(Material for this task):
-- Opening Marker --

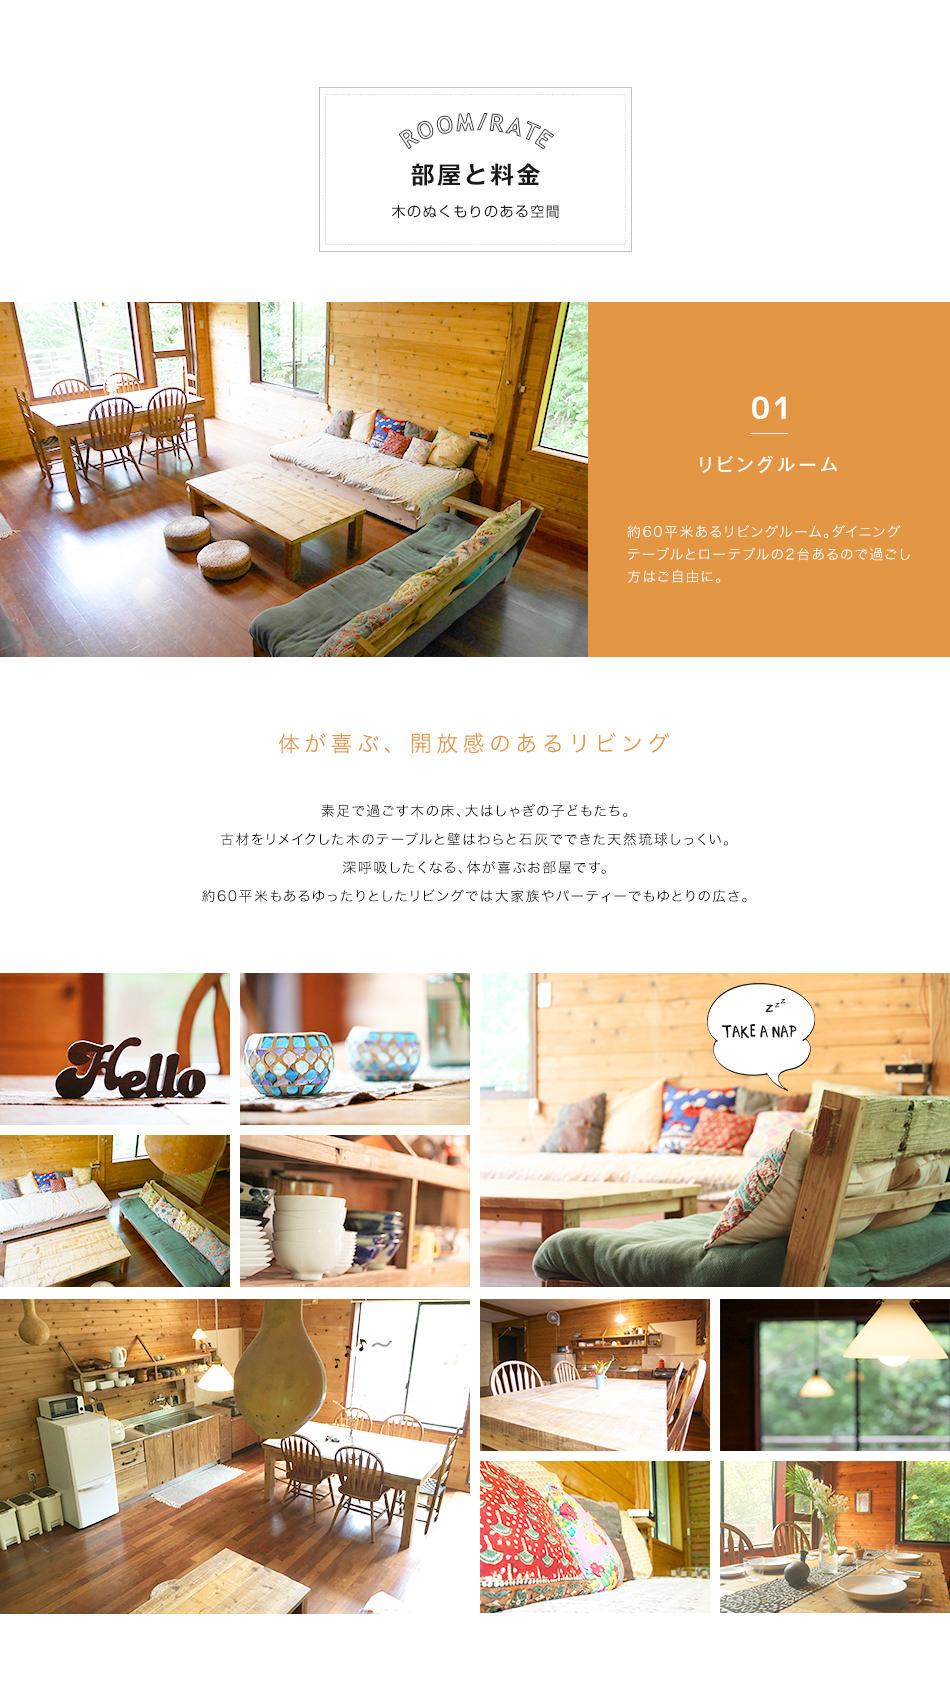 部屋と料金[01]リビングルーム
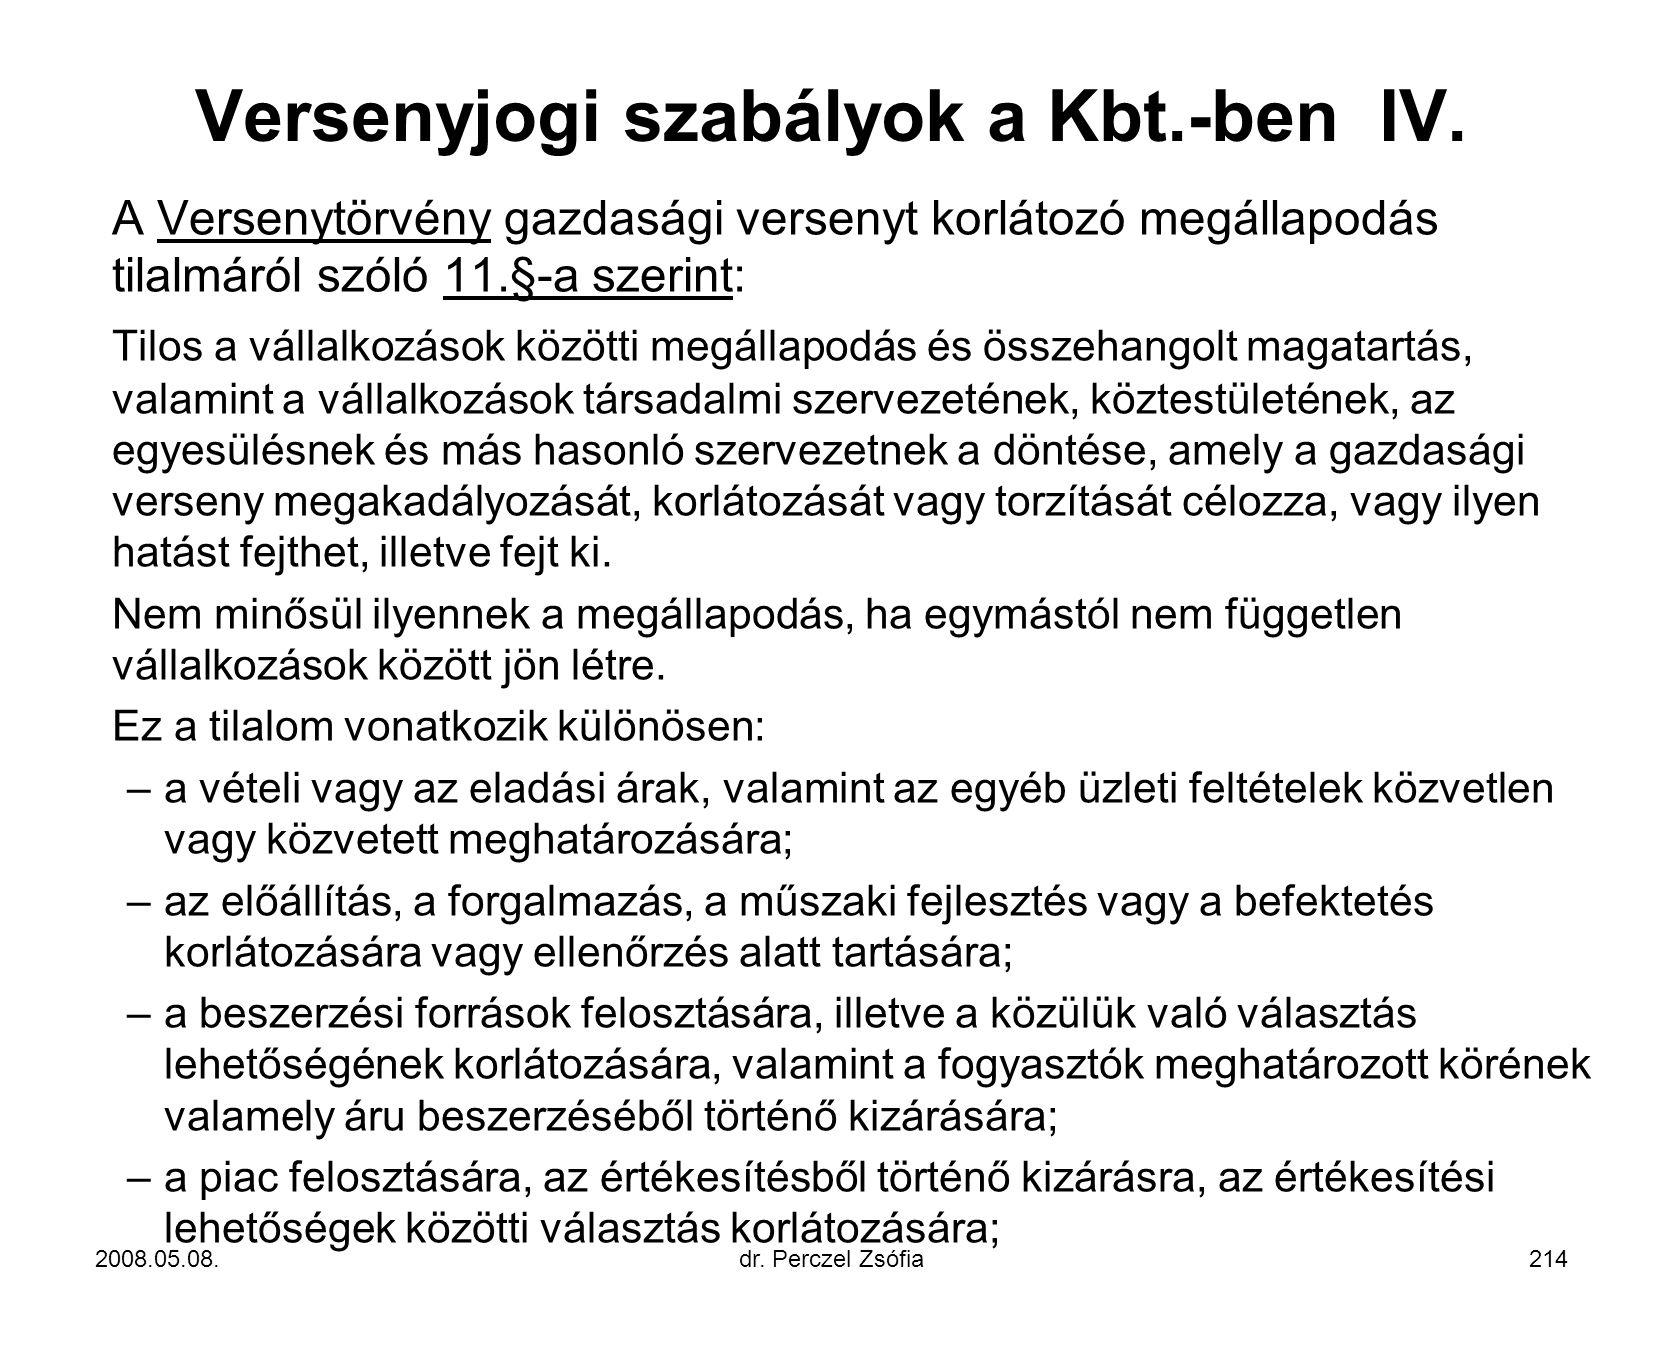 Versenyjogi szabályok a Kbt.-ben IV.
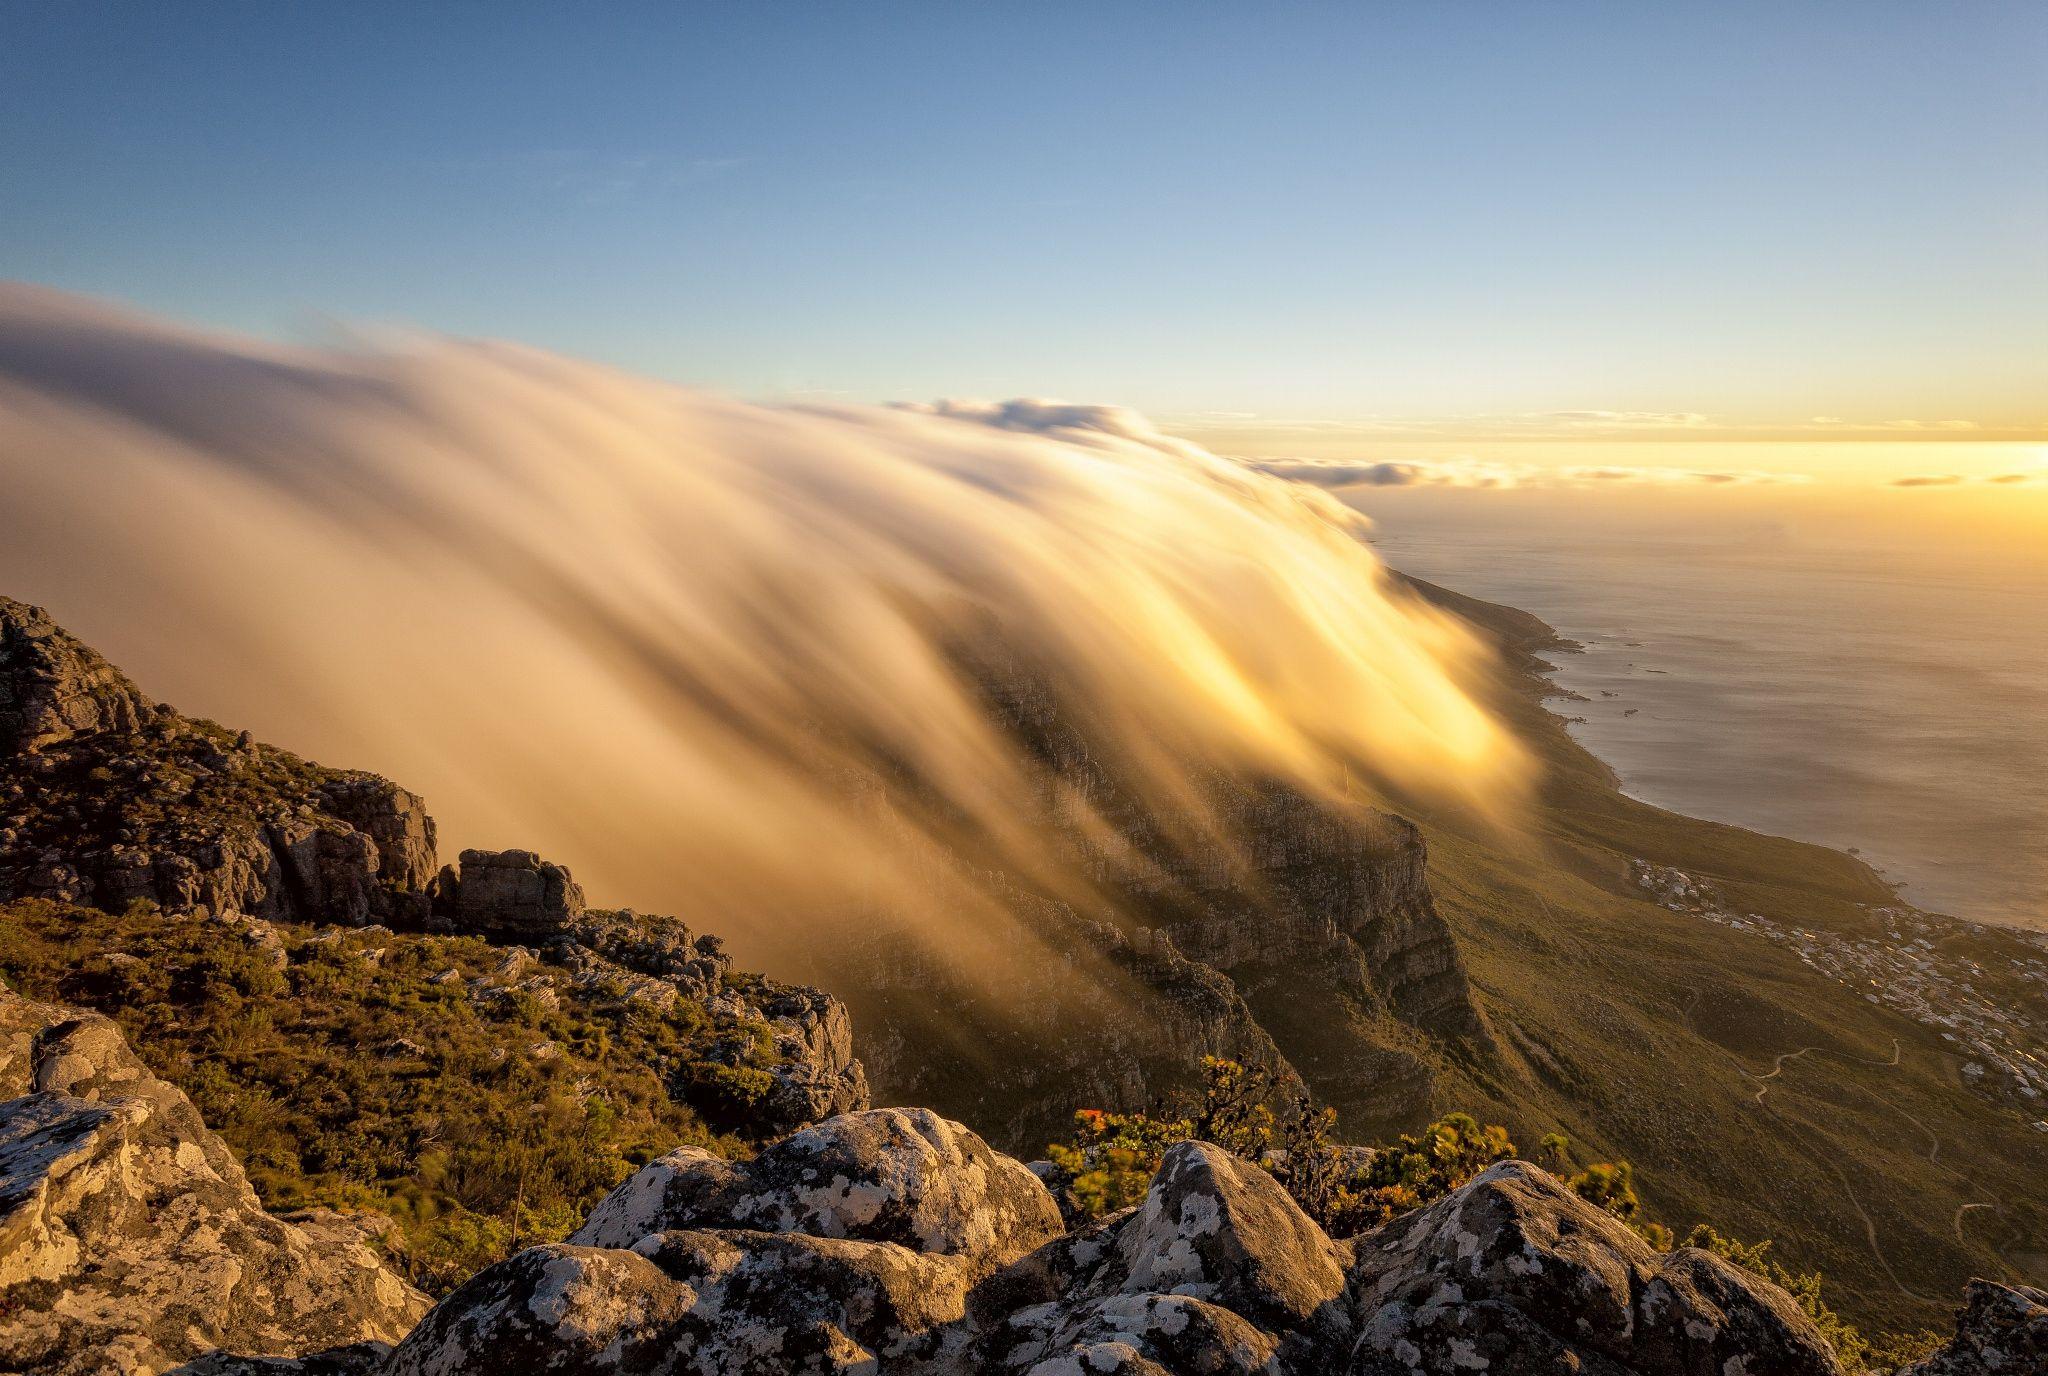 Golden Cloud River by PJ van Schalkwyk on 500px
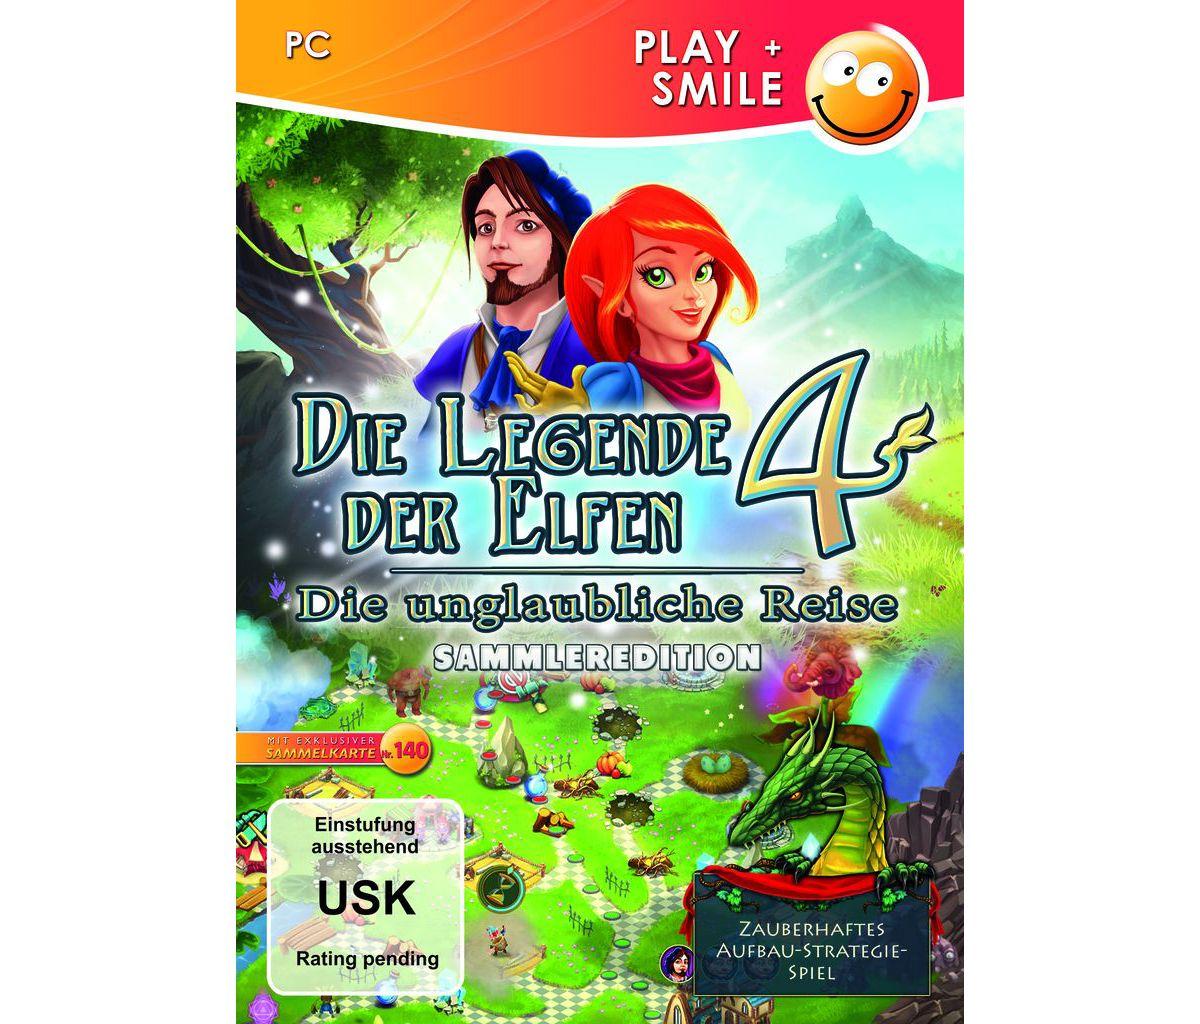 2c9a88df4b7698 Astragon PC - Spiel »Die Legende der Elfen 4  Die unglaubliche Reise«
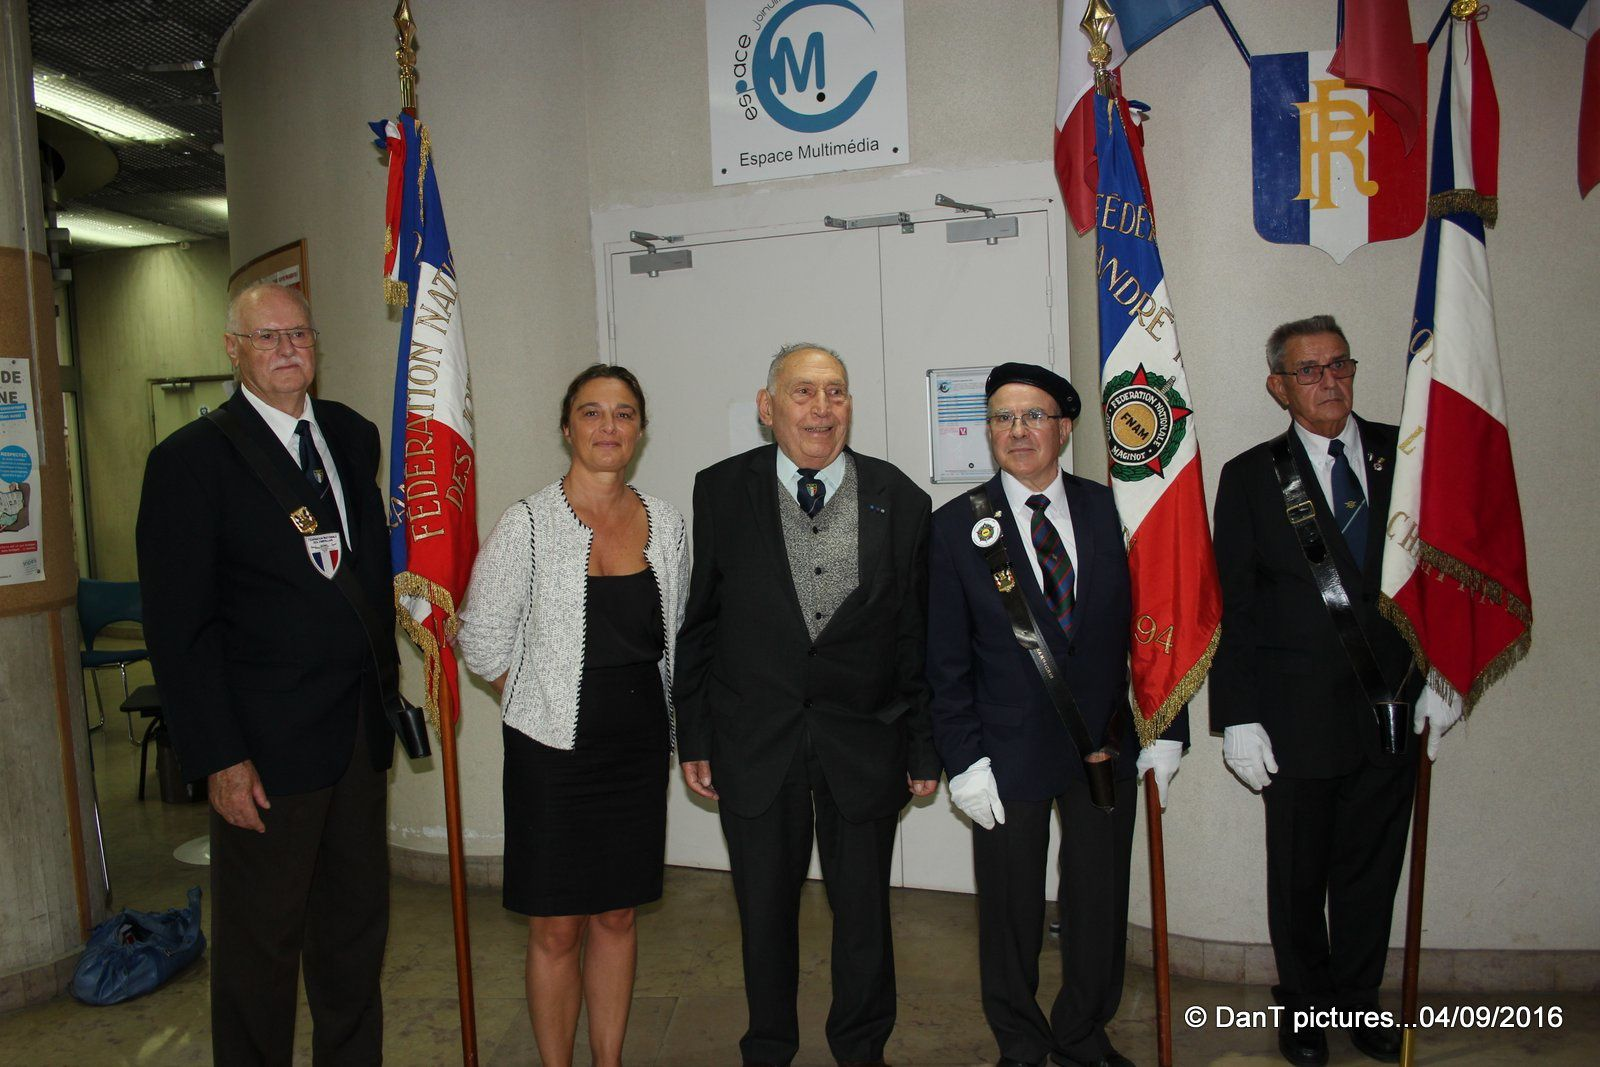 72 ème anniversaire de la libération de Joinville-le-Pont...les images des cérémonies.

-- Closing Marker --

(Work to be completed):
Pictures stay out. Copy exactly, and only, the lines from the one containing "Golden Cloud River" through the end of the data.

(Problem solution):
 Golden Cloud River by PJ van Schalkwyk on 500px
 2c9a88df4b7698 Astragon PC - Spiel »Die Legende der Elfen 4  Die unglaubliche Reise«
 72 ème anniversaire de la libération de Joinville-le-Pont...les images des cérémonies.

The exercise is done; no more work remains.